The difficult step here is (1): simulate a high-dimensional vector of asset returns from its joint probability distribution.

  • very complicated correlation structure
  • probably not something simple like a Gaussian!

In general, using simple parametric probability models (e.g. multivariate Gaussian) to describe high-dimensional joint distributions is a very dicey proposition.

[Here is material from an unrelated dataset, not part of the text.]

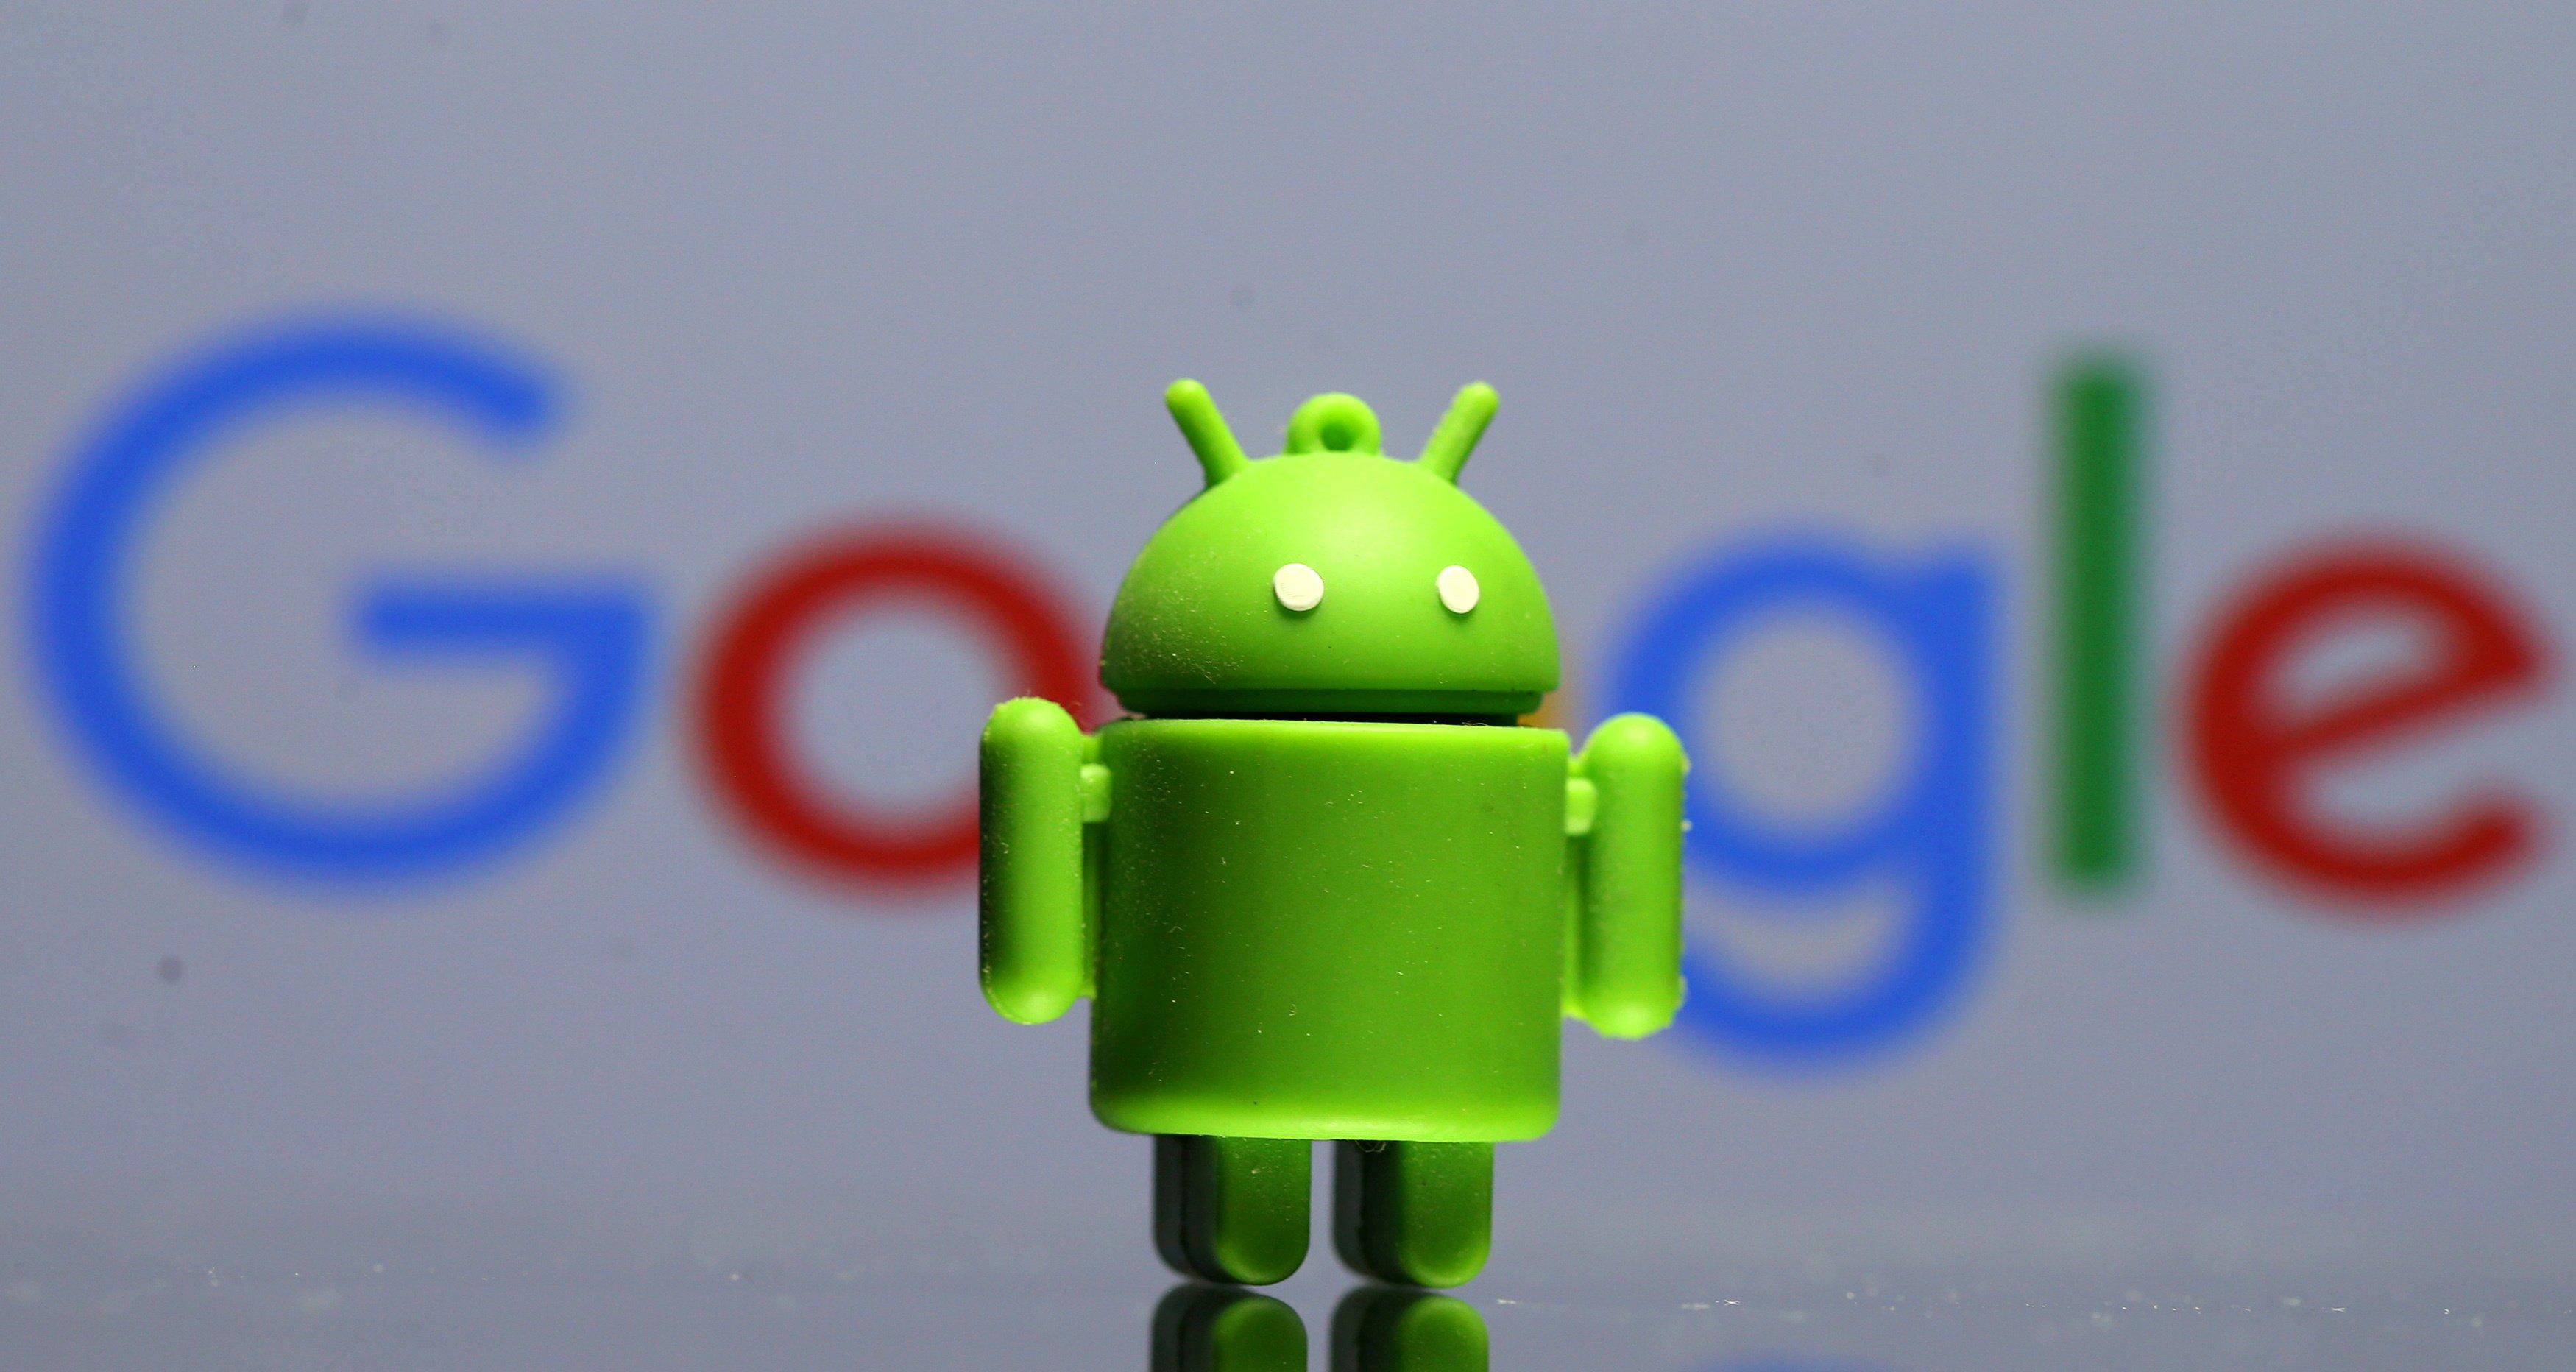 Google выпустил новую версию Android - Android 10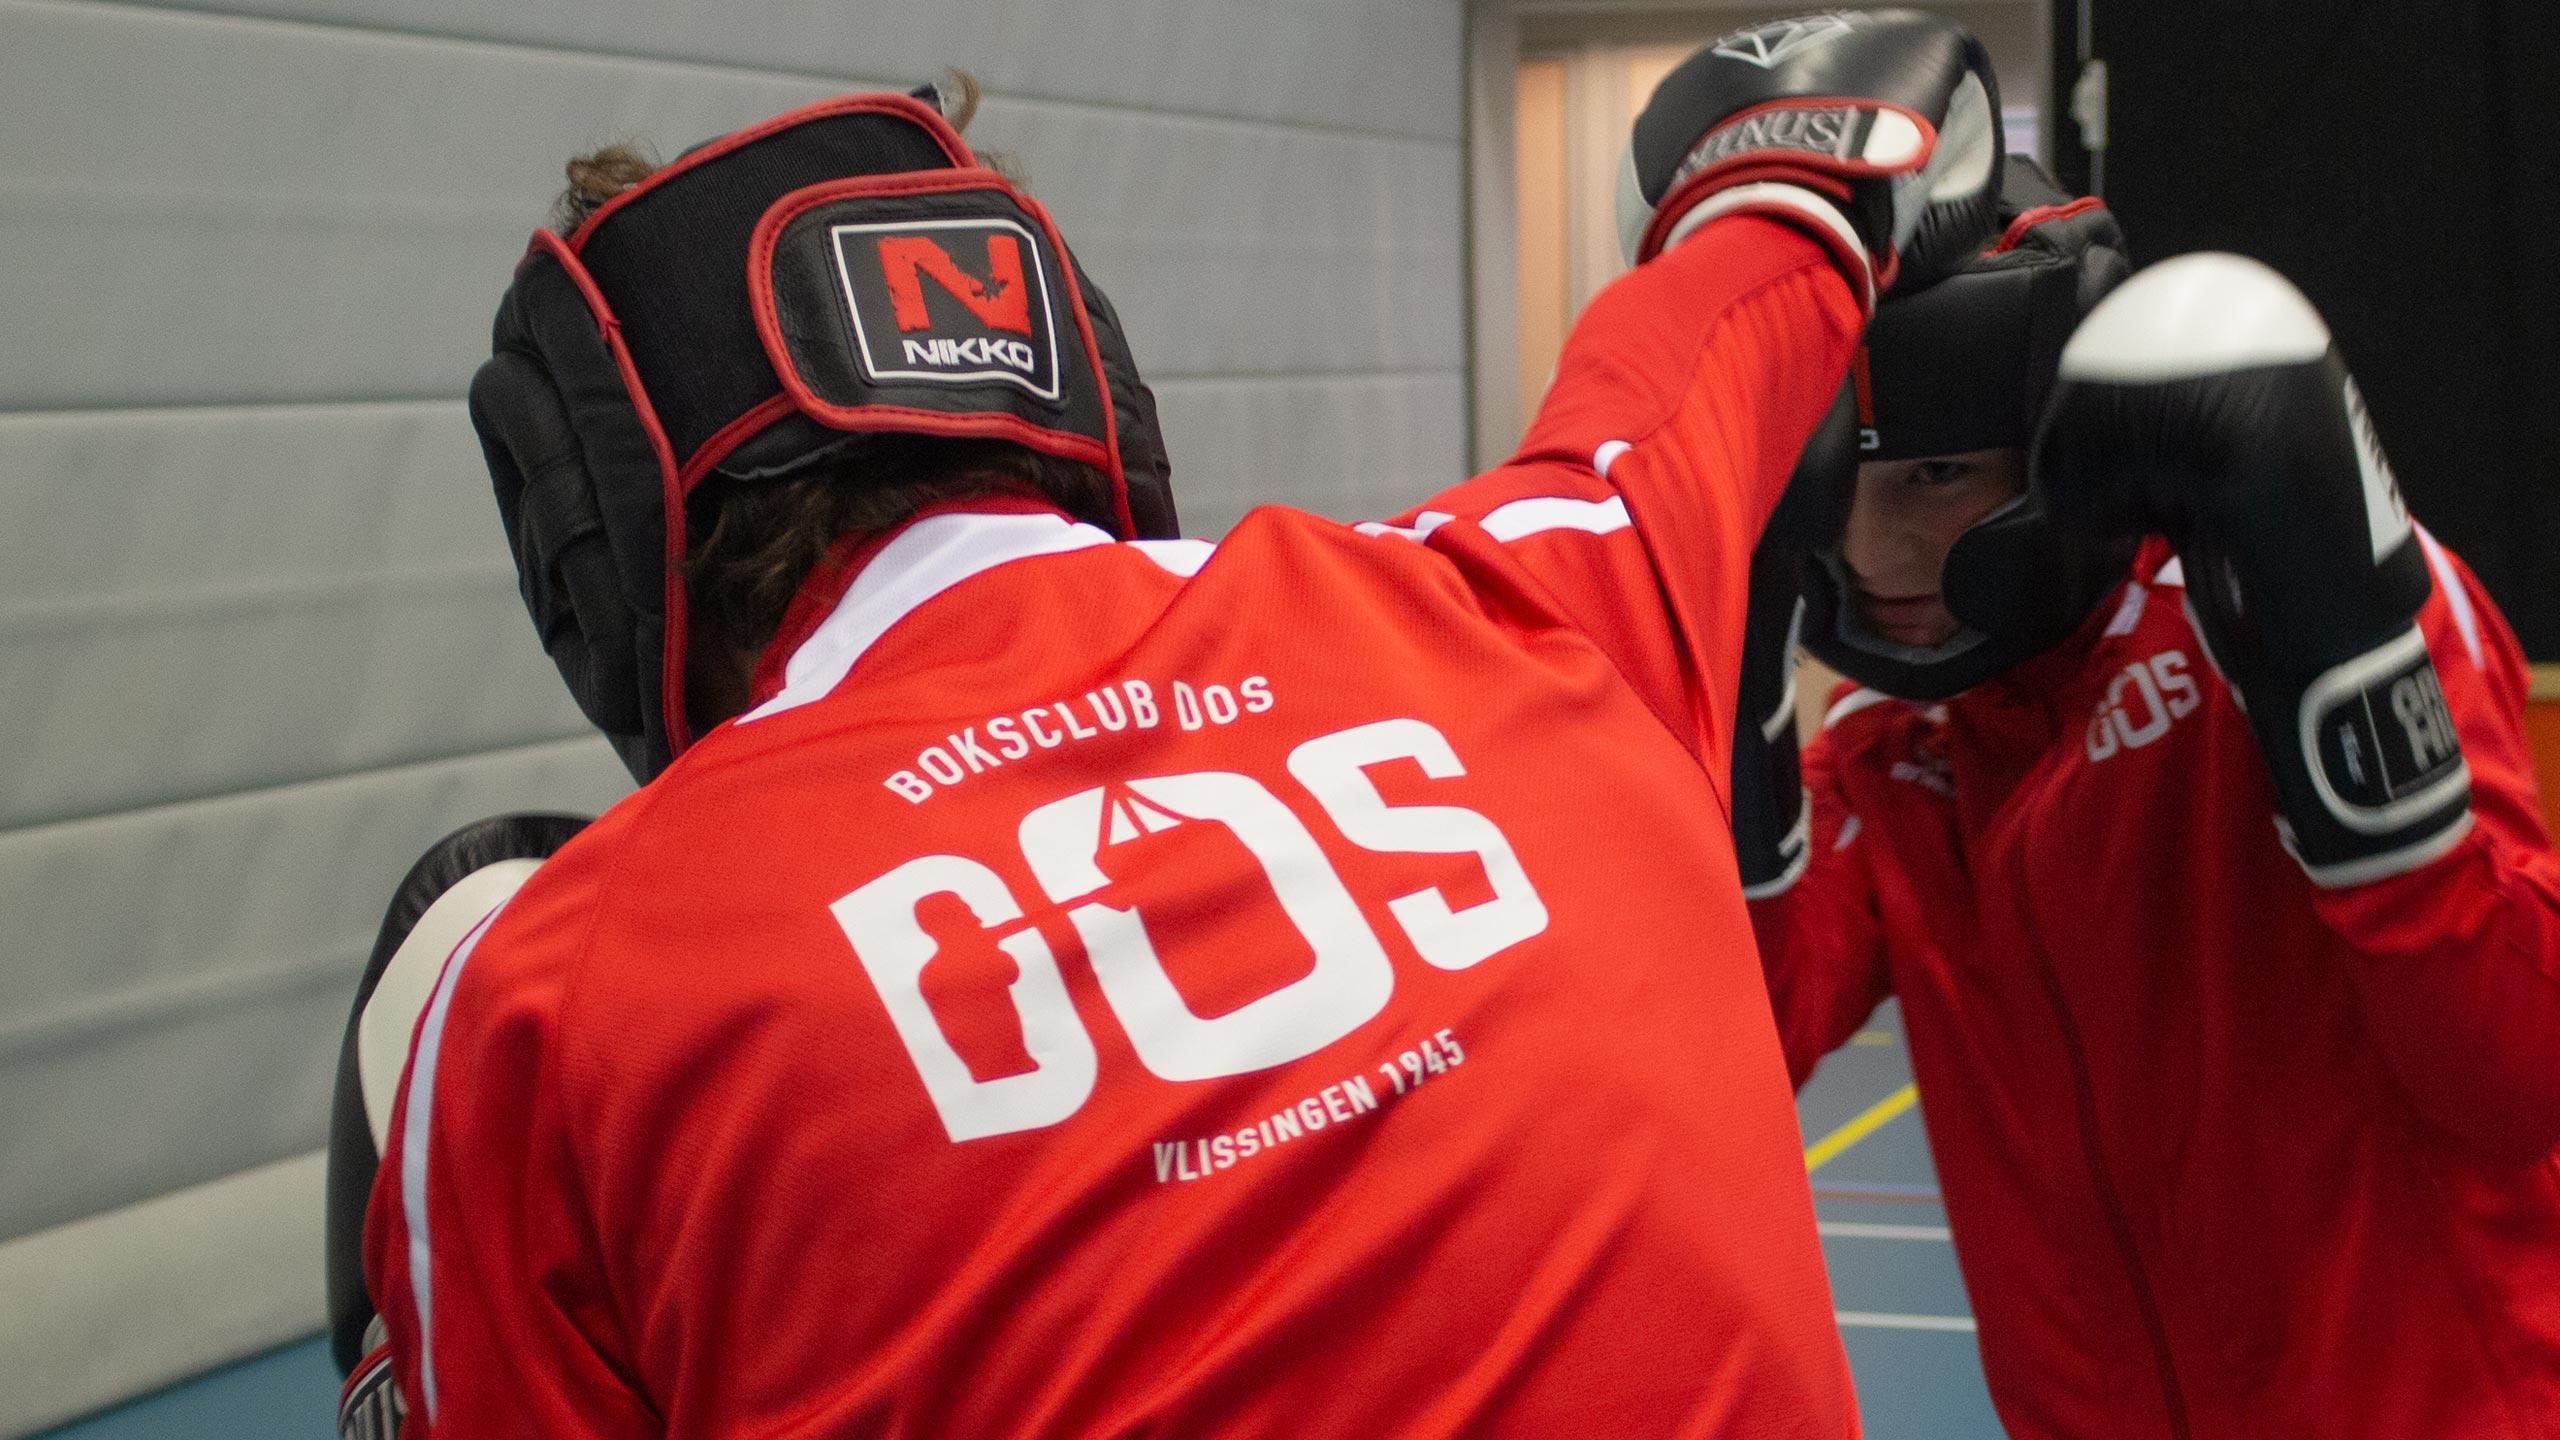 Boksclub DOS logo trainingspak

A simple approach: bootstrap resampling

Suppose we have \( M \) past samples of the asset returns, stacked in a matrix:

\[ R = \left( \begin{array}{r r r r} R_{11} & R_{12} & \cdots & R_{1D} \\ R_{21} & R_{22} & \cdots & R_{2D} \\ \vdots & && \\ R_{M1} & R_{M2} & \cdots & R_{MD} \end{array} \right) \]

where \( R_{tj} \) is the return of asset \( j \) in period \( t \).

A simple approach: bootstrap resampling

The key idea of bootstrap resampling is the following:

  • We may not be able to describe what the joint distribution \( P(R_1, \ldots, R_D) \) is.
  • But we do know that every row of this \( R \) matrix is a sample from this joint distribution.
  • So instead of sampling from some theoretical joint distribution, we will sample from the sample—i.e. we will bootstrap the past data.
  • Thus every time we need a new draw from the joint distribution \( P(R_1, \ldots, R_D) \), we randomly sample (with replacement) a single row of \( R \).

A simple approach: bootstrap resampling

Thus our Monte Carlo simulation looks like the following at each draw.

For \( t = 1, \ldots, T \):

  1. Simulate \( R_t = (R_{t1}, R_{t2}, \ldots, R_{tD}) \) by drawing a whole row, with replacement, from our matrix of past returns.
  2. Use these returns to update \( X_{j,t} \), the value of your holdings in each asset at step \( t \).
  3. Rebalance your portfolio to the target allocation.

Example

Let's go to the R code! See portfolio.R on the website.

Key discussion question

Why do we draw an entire row of \( R \) at a time?